Wednesday, 21 August 2013

Fortitude....Virtue of Martyrs

If there is one thing that characterises modern culture in the developed world it is hedonism.  Defined in Wikipedia as ‘a school of thought that argues that pleasure is the only intrinsic good’, the main goal of a hedonist is unrestrained pleasure.

The watchword of this and the previous generation, ‘if it feels good, do it’ typifies the lives of many who inhabit a moral landscape devoid of reason or restraint.

The Canadian educationalist, Doug McManamin writing in the Catholic Education Resource Centre (CERC) website argues that, “a typical hedonist today does not aspire to anything larger and higher, but settles for ‘feeling good’. Such a life does not require fortitude. But a truly meaningful life whose meaning (direction) is determined in regards to man's true end, which is the knowledge and love of the greatest good, does indeed require fortitude”.

Sounding curiously dated, the word fortitude is not common currency in the language of contemporary Scotland. It is however alive and well in the actions and motivations of believers across the world.
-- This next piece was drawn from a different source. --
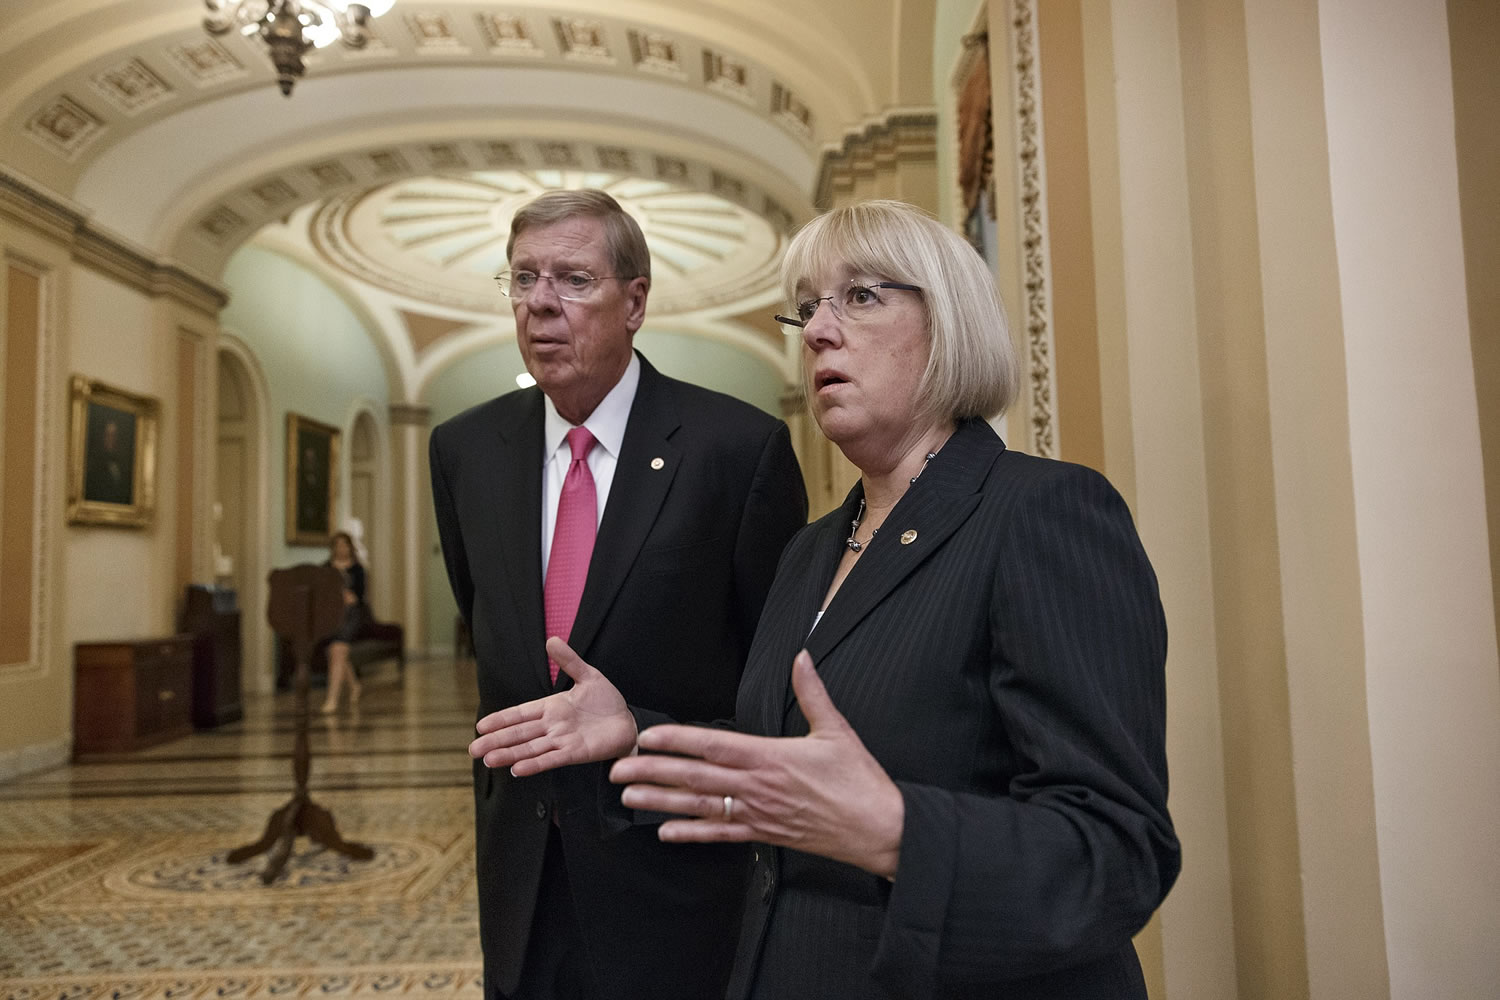 Sen. Johnny Isakson, R-Ga., left, and Sen. Patty Murray, D-Wash., meet before walking into the Senate chamber on Capitol Hill in Washington on Wednesday.

Sadly however, this virtue has waned in the character and practice of many Christians in the increasingly materialistic western church.

Webster’s dictionary defines fortitude as, “mental and emotional strength in facing adversity, danger, or temptation courageously.” Fortitude is not an attitude of ‘rushing in where angels fear to tread’. As one commentator sagely declared, “putting our bodies or lives in danger when it is not necessary is not fortitude but foolishness.”

Fortitude is a virtue on open and sometimes heroic display as Christians in the Middle and Far East, North Africa and the Indian sub continent take a stand for their faith in the face of violent state opposition.

The highest levels of persecution are recorded in the Muslim states and North Korea where imprisonment or death awaits those who share their faith in Christ. In common with Jesus’ original disciples who died violently as martyrs, there are many 21st century believers who do not shrink from what they see as their duty to share the new life that they have found in Christ. Their fortitude should be an example to all believers.

While Christians abroad continue to suffer violence and injustice for the sake of their beliefs, closer to home, a new form of persecution is becoming the norm.

In Western countries like the UK, secularists are now using the law to attack Christian teachings. Thus, Christians who talk publically about concepts like 'true marriage' and 'natural family' are now considered to be propagators of hate speech.

Let’s pray for a real revival and an upsurge of fortitude in the hearts of Scotland’s believers.

Resurgent Christian fortitude........the antidote to the tide of secularism sweeping across our land!!